Cankun Wang will give an oral presentation on “A Weighted Two-stage Sequence Alignment Framework to Identify DNA Motifs from ChIP-exo Data“, accepted as a regular paper in ICIBM 2023.
[Jun-1-2023] Yuzhou Chang is set to present an intriguing poster titled “Spatial omics feature representation using graph Fourier transform” at the Spatial Biology 2023 US Conference.
[May-29-2023] We are thrilled to announce Dr. Anjun Ma’s commencement in his new role as Clinical Assistant Professor at The Ohio State University, marking an exciting milestone in his professional journey!
[May-25-2023] The paper “scREAD: A Single-Cell RNA-Seq Database for Alzheimer’s Disease” earns a spot on SSRN’s Top Ten download list in the NeurosciRN: Neurodegenerative Disorders & Injuries (Topic).
[May-22-2023] Congratulations Yi Jiang’s triumphant graduation from Shandong University, where he majored in Software Engineering!
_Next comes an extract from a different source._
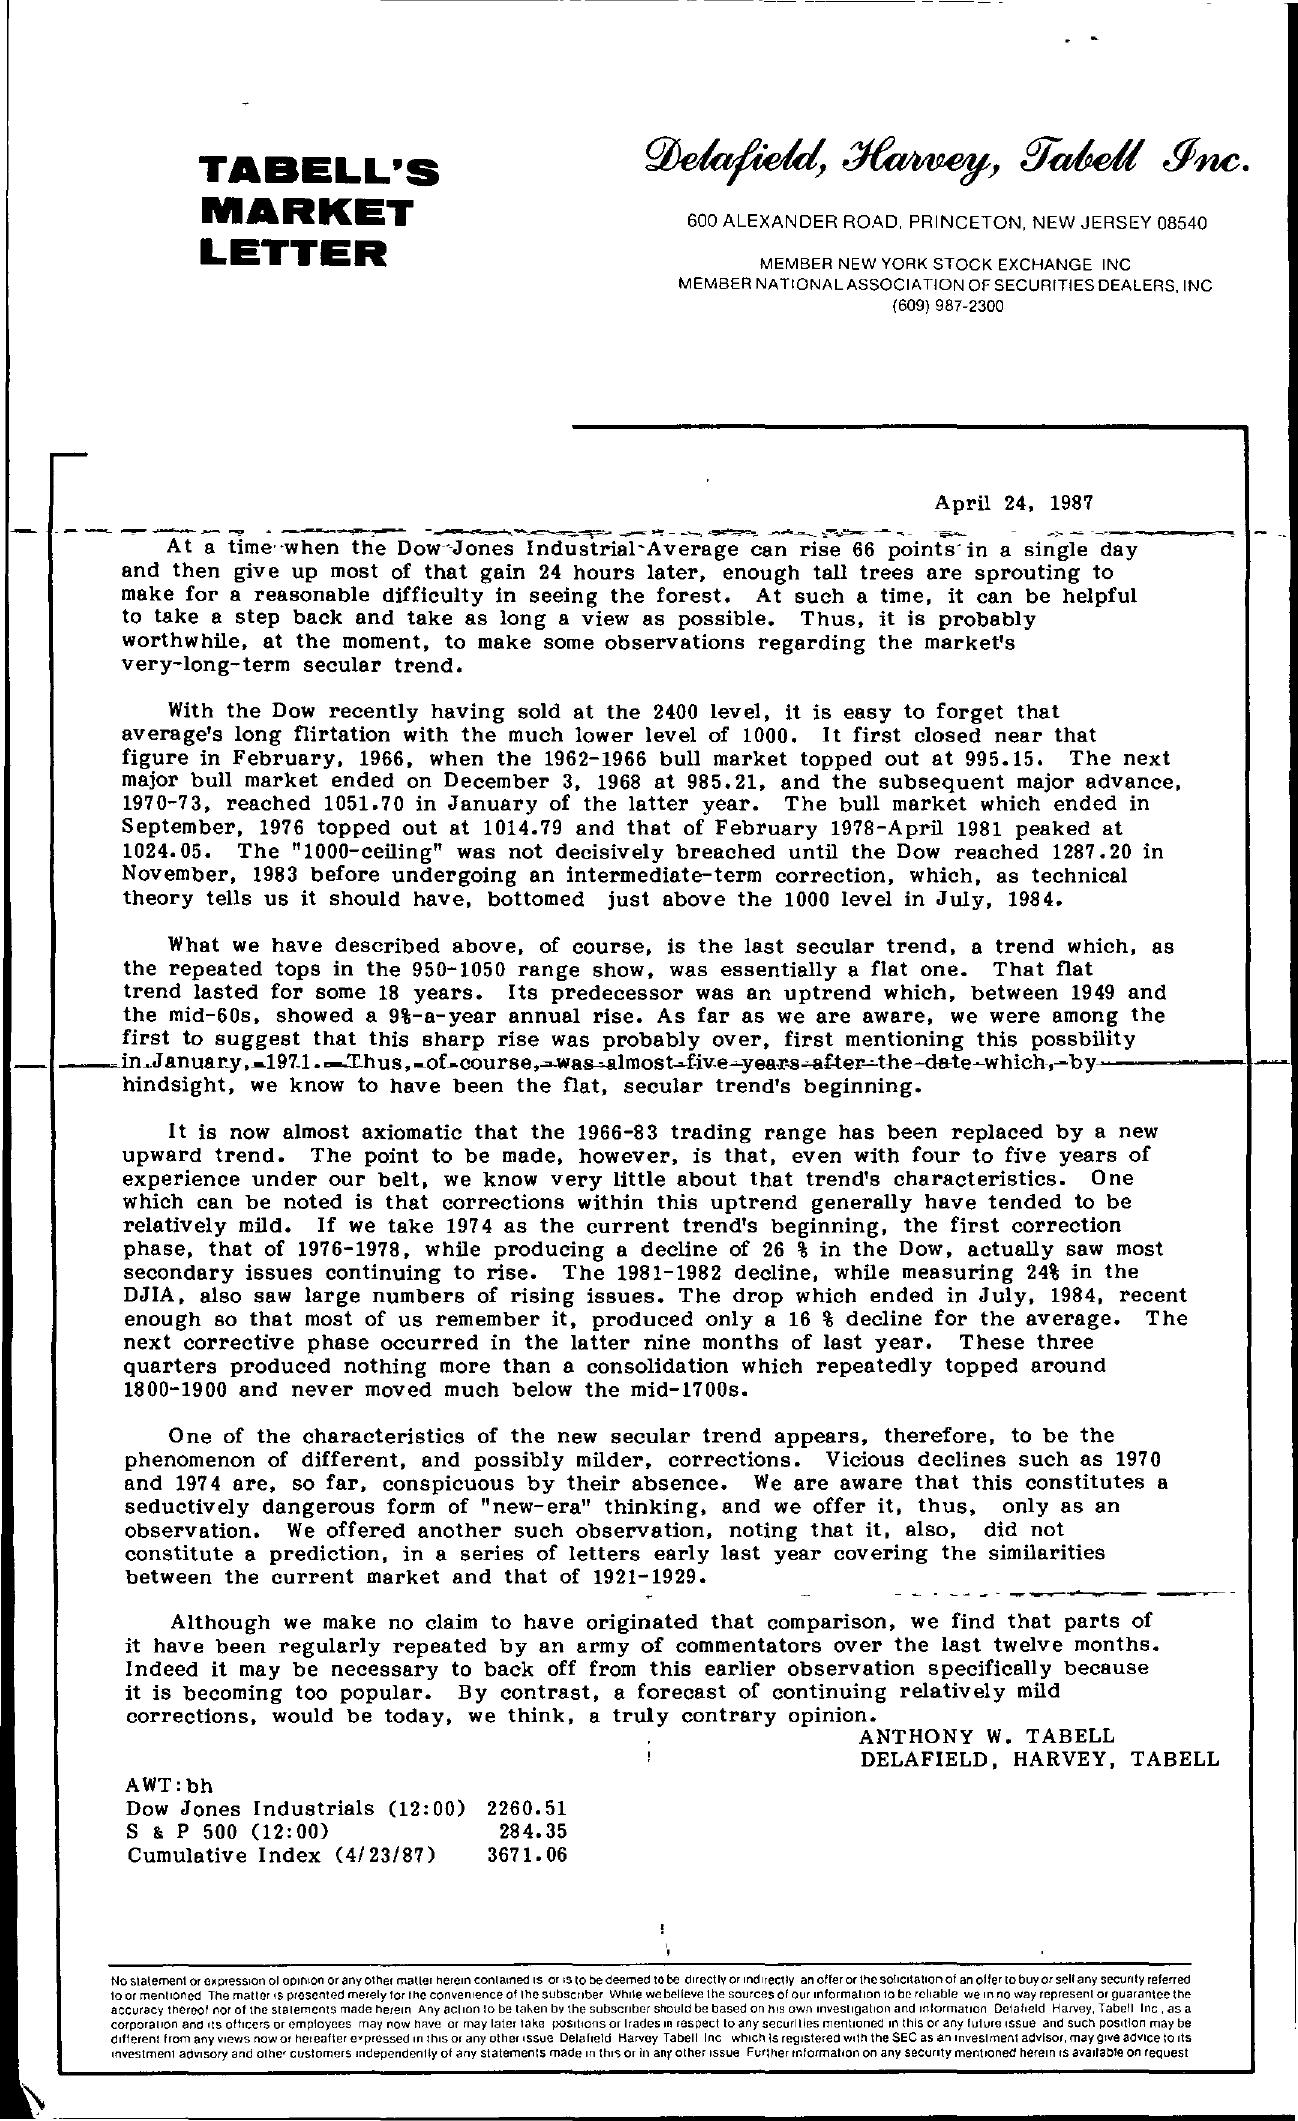 Tabell's Market Letter - April 24, 1987

[May-21-2023] Congratulations to Xiaoying Wang for successfully completing her PhD dissertation! We commend her exceptional scholarly achievement and profound dedication to her academic journey.
[May-19-2023] Congratulations to Dr. Qin Ma on his promotion to Full Professor by The Ohio State University! We celebrate his outstanding accomplishments and unwavering dedication to his field.
[May-17-2023] Exciting development at BMBL as Megan McNutt accepts the position of Senior Research Technician, commencing her role from June 5, 2023.
[May-13-2023] Dr. Yang Li’s paper entitled “A Weighted Two-stage Sequence Alignment Framework to Identify DNA Motifs from ChIP-exo Data” has been accepted as a regular paper for oral presentation at the International Conference on Intelligent Biology and Medicine (ICIBM 2023).
[May-4-2023] Dr. Jordan Krull had been selected as a Pelotonia Post-Doctoral Scholar through the Pelotonia Scholars Program. Congratulations to Dr. Krull on this achievement!
[Apr-19-2023] The poster “The tumor microbiome associates with features of the tumor microenvironment, treatment outcomes, and histologies; a national collaboration of the exORIEN Consortium” was presented at the 2023 American Association for Cancer Research Annual Meeting.
[Apr-13-2023] Dr. Qin Ma will give an invited keynote presentation “Graph Representation Learning of Single-Cell Omics Data” at the 21st Asia Pacific Bioinformatics Conference (APBC 2023) .
[Apr-10-2023] Hao Cheng presented his project Identifying cell-type-specific senescent cells and signature genes using heterogeneous graph contrastive learning and received the second place poster award in the poster session at the TriState SenNet Annual Conference.
[Mar-22-2023] Our DeepMAPS paper is highlighted by Nature Communications editor, as one of the 50 best papers in the field of Cancer research published at Nature Communications.
[Mar-20-2023] Dr. Qin Ma will give an invited presentation “Graph Representation Learning of Single-cell Omics Data” at the School of Artificial Intelligence at Jilin University.
[Mar-16-2023] The published article “IRIS-EDA: An integrated RNA-Seq interpretation system for gene expression data analysis” has been selected to appear in the PLOS Showcase on Kudos.
[Mar-16-2023] Dr. Qin Ma will give an invited presentation “Single-cell biological network inference using deep learning” at the 2023 MidSouth Computational Biology and Bioinformatics Society (MCBIOS) Conference in Dallas, TX.